Though I use multiple operating systems today, and like OS X and Linux the best, I gotta say, I miss Windows 95.
Yes, it was unstable. Yes, it was hyped to the clouds. Yes, it brought nothing new to computing that Mac OS and Amiga hadn't already done. But it was fun. Part of this is because Windows 95 coincided with the Internet really catching on with the public. Dial-up, and then cable, AOL (which, for all its criticisms, made the Internet available to the non-tech public), browsers, email, IRC... all of that was shiny and new back then, and Windows 95 carried it to most of the world. PC gaming really took off with Windows 95. Myst was a revolution. Doom II ate up a lot of my life. Who back then didn't spend many weekends staying up all night, to the breaking sun of dawn, playing games, "surfing the web", and chatting, in AOL rooms or IRC, with people far across the globe in real time? Who wasn't amazed and excited doing these things?

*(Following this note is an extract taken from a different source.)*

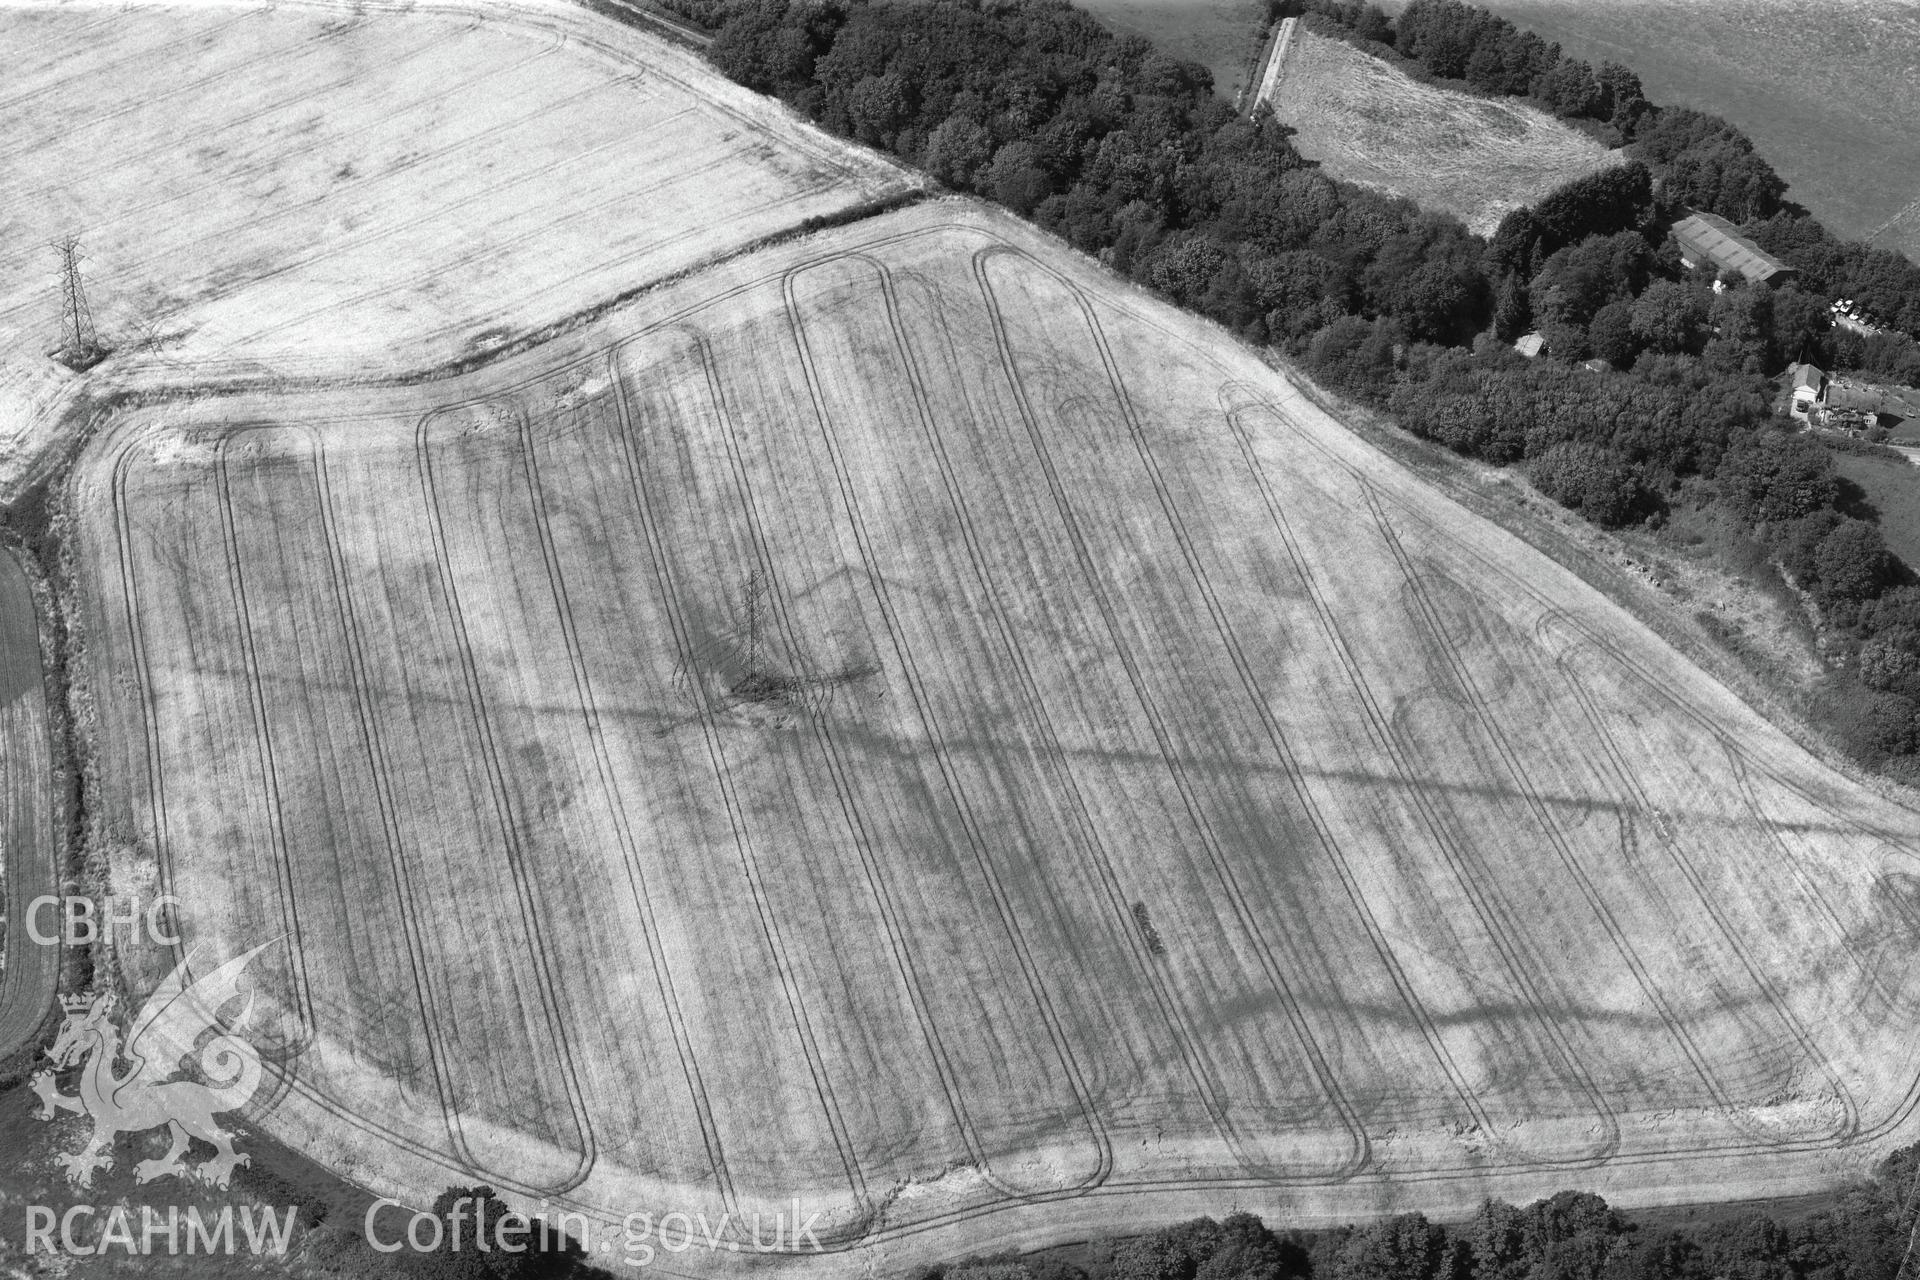 Malthouse Road defended enclosure and Graig-yr-Eurych castle mound (covered by woodland), between Caerleon and Cwmbran. Oblique aerial photograph taken during the Royal Commission?s programme of archaeological aerial reconnaissance by Toby Driver on 1st August 2013.
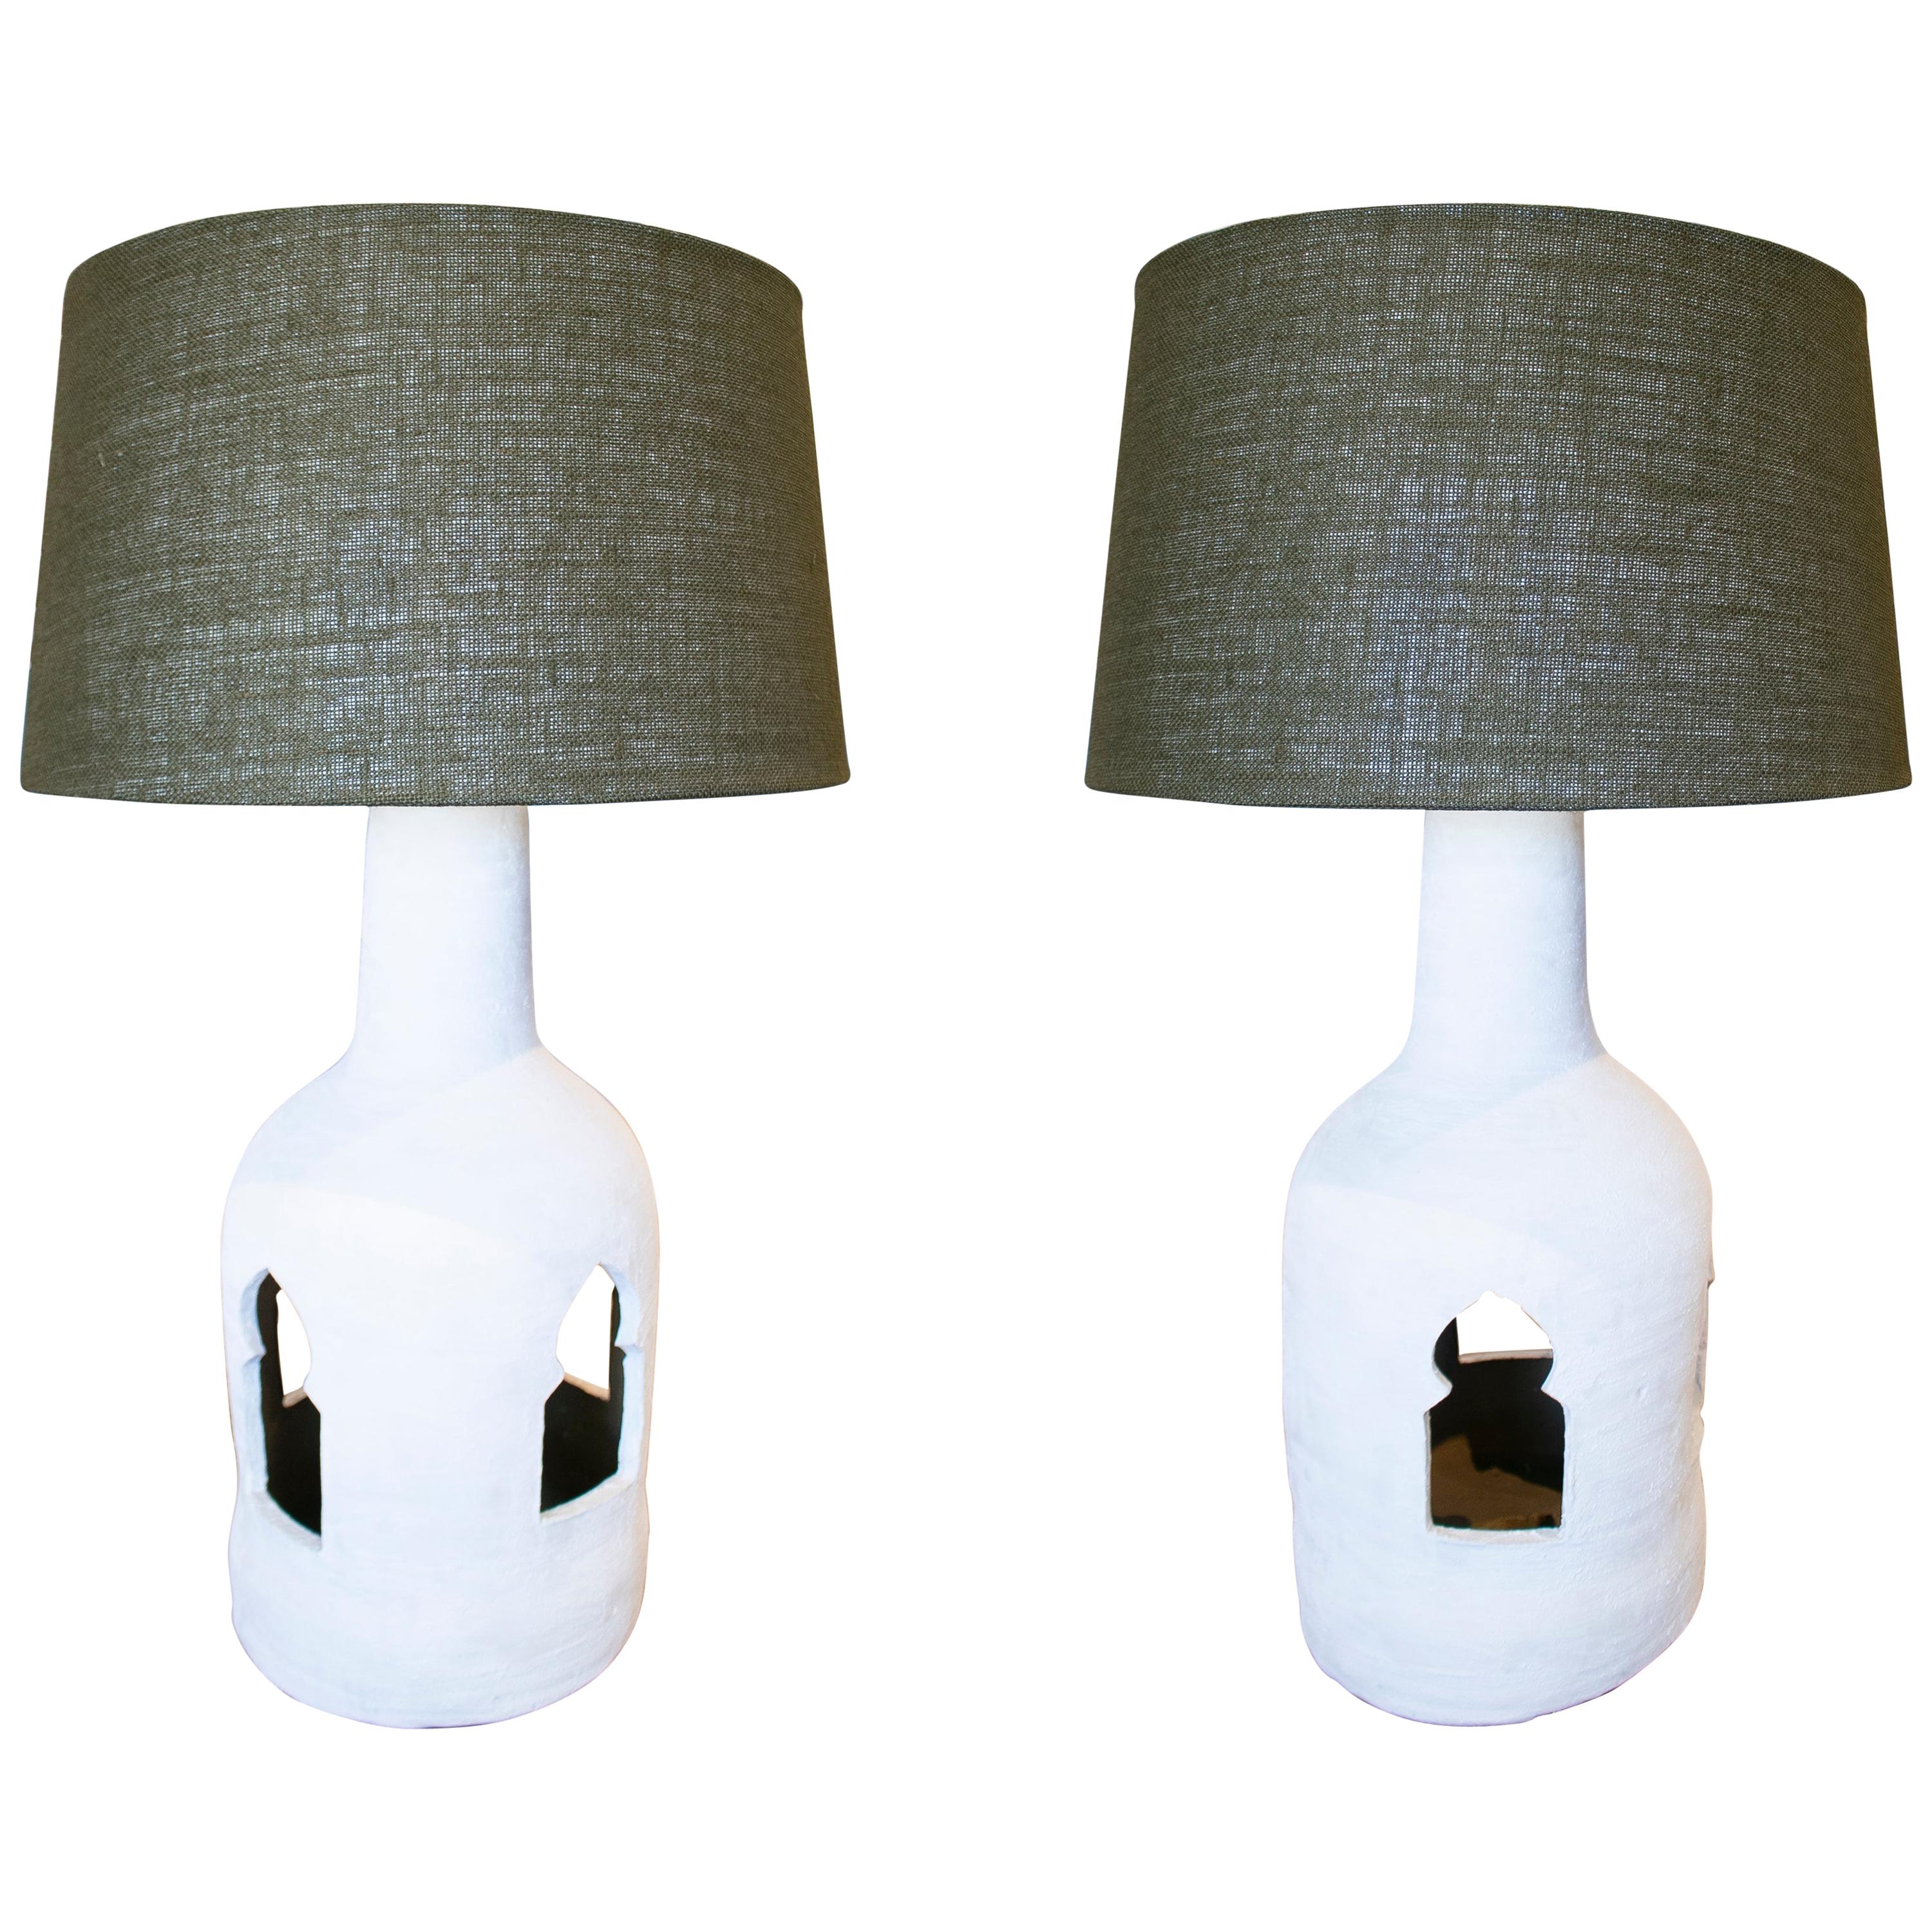 1970s Pair of Spanish Ceramic Table Lamps Painted in Chalk White

Guys, that was fun. And I miss those days. I still occasionally run Win 95 in VM just to play something like Hover. And when I do, I remember what it was like to actually enjoy the computer.
Modern personal computing was really built on what Windows 95 brought to the public. And now computing isn't fun anymore, anymore than, say, using a telephone is. It's ordinary, commonplace, and utilitarian now. Much like flying on a commercial airliner these days. Guys like Charles Lindbergh would be amazed if he could've seen what it was like to fly on a 777. But to us, eh, it's just a way to get from one place to another. And that pretty much sums up the feel of computing today.
One caviat here; I wasn't a Mac user back then, and I've since had a chance to play with Classic OS on an old iMac, and I gotta say, It was brilliant. It had it's own problems, but I have to admit that now I see what the big deal was. That was a special OS, and after playing with it for a weekend, I was actually overcome with a feeling of sadness at one point, because I realized that all throughout the nineties, I missed out on this. The classic Mac OS really was everything it's fans claimed.
Life is hard, and the world is cruel
Ok, we have the PC OSes, of course.
We have the Amiga OS, ok.
We have Commodore OSes, ok, if you must.
We have TRSDOS, ok, for the few who used it.
Why no DOS 3.3 or ProDos?
You do know that the Z80 was just a clone from the same line that spawned the 8086 right?
AmigaOS 4.1 was released in September 2008. Sure, there may be a miniscule number of people still using/buying it in your terms, but it's still here.
Comment removed based on user account deletion
I was monkeying around with a C64 emulator the other day, and it struck me how bad those old OSes were. I do have some nostalgia for these things, but more for the times they represented in my life than because I miss the hardware and software. In truth they were mostly cobbled-together messes.
BeOS is the only one I truly miss, and that is because it had something none of the current OSes have: Low user latency. With the current crop of OSes we take it for granted that:
What I miss about BeOS was the whole design aesthetic of putting the user first, never blocking user input, and making the common use cases fast.